The purpose of an audit is to furnish company stakeholders with a specialist, independent, valid, and fair perspective on the monetary undertakings of a company. In this article, relevant provisions of the Companies Act, 2013 will be discussed in relation to the rights and duties of an auditor. 

Who is an auditor

Under the Companies Act, 2013, a person practicing Chartered Accountant (hereinafter, “CA”) is qualified to be appointed as the statutory auditor in a company. A person would not be qualified as a company’s statutory auditor unless there is appropriation on the part of the person to perform in the capacity of an auditor. As per the Companies Act, 2013, only a practicing Chartered Accountant is qualified to be appointed as a statutory auditor in a company. Such appointments are possible if a majority of the partners are executing Chartered Accountants.
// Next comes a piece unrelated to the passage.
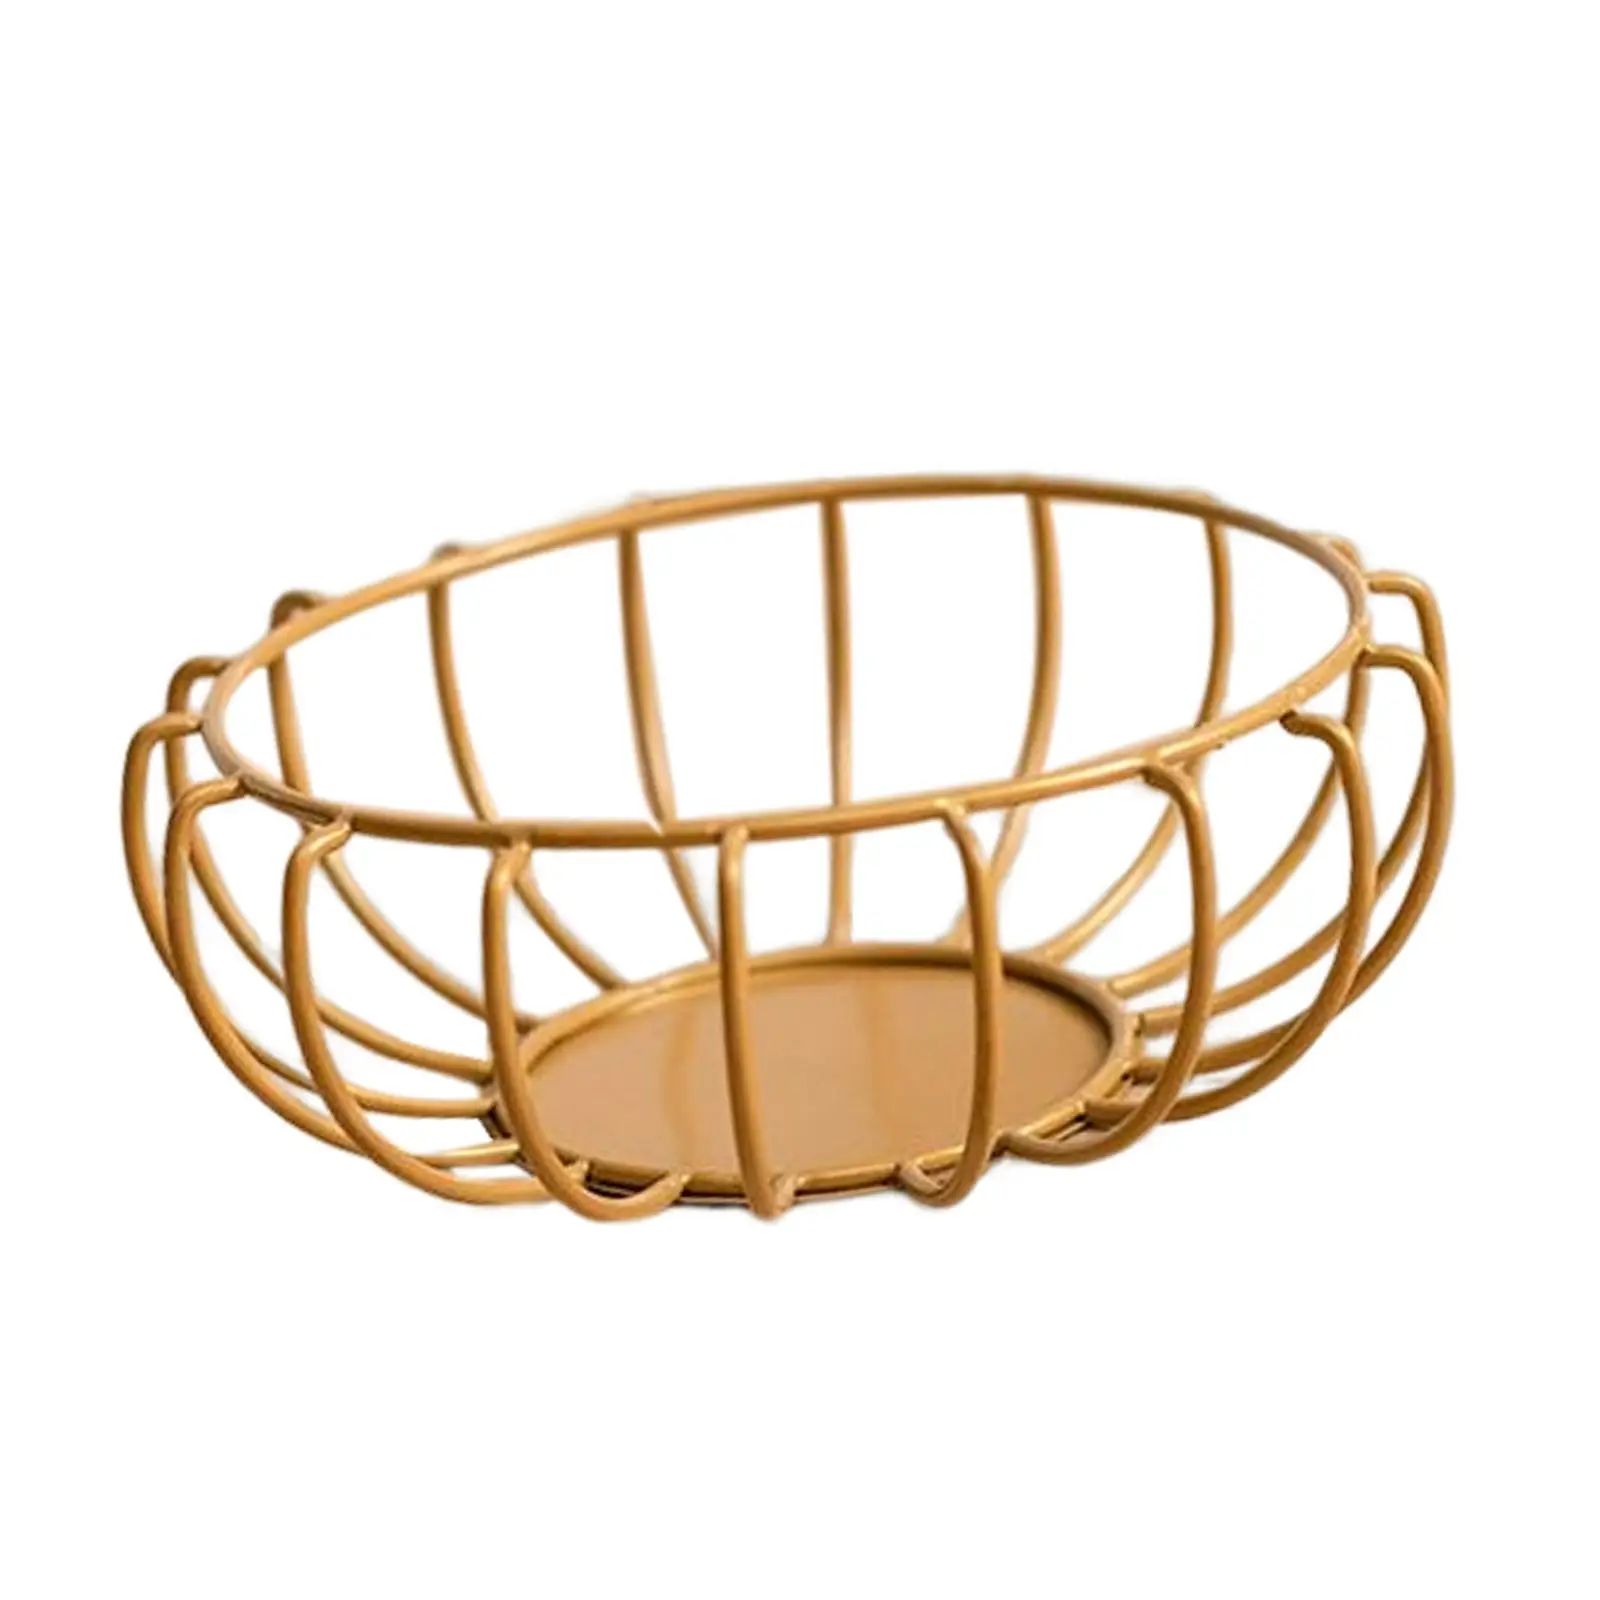 Iron Fruit Basket Bowl Serving Tray Storage Holder Durable Rustproof Decorative Modern for Onion Eggs Office Kitchen Tabletop

Appointment of an Auditor under the Companies Act

According to Section 139(6) of the Companies Act, 2013, the first auditor of a non-governmental company must be appointed by the board of directors within 30 days of its establishment. If the board does not pass, an extraordinary general meeting of shareholders will be held within 90 days to appoint the first auditor. The law does not specify when the 90 days period is calculated. So the benefit of this is to take a stricter view and explain that the 90-day period starts from the day the company is formed, rather than at the end of the 30 days period. 

They are appointed in a way that they can exercise their powers until the conclusion of the First General Meeting of Shareholders. The company must file an ADT-1 form (hereinafter, Form for Appointment of First Auditor) with the Registrar of Companies along with the prescribed fee. For government companies, the first auditor will be appointed by the AG within 60 days from the date of incorporation of the company;

if the Auditor General of India fails to appoint the auditor within the said period, the Board of Directors of the company will appoint the latter within the next thirty days. If not appointed by the board within the next thirty days, members must approve an auditor within sixty days in the Extraordinary General Meeting (hereinafter, EGM). The term of office for the first auditor will be until the conclusion of the first annual general meeting.

Furthermore, the subsequent appointment of an auditor will be made by the members, and he/she will hold office until the conclusion of the sixth annual general meeting. However, it is important to note down that the company members will permit an auditor’s appointment in every annual general meeting.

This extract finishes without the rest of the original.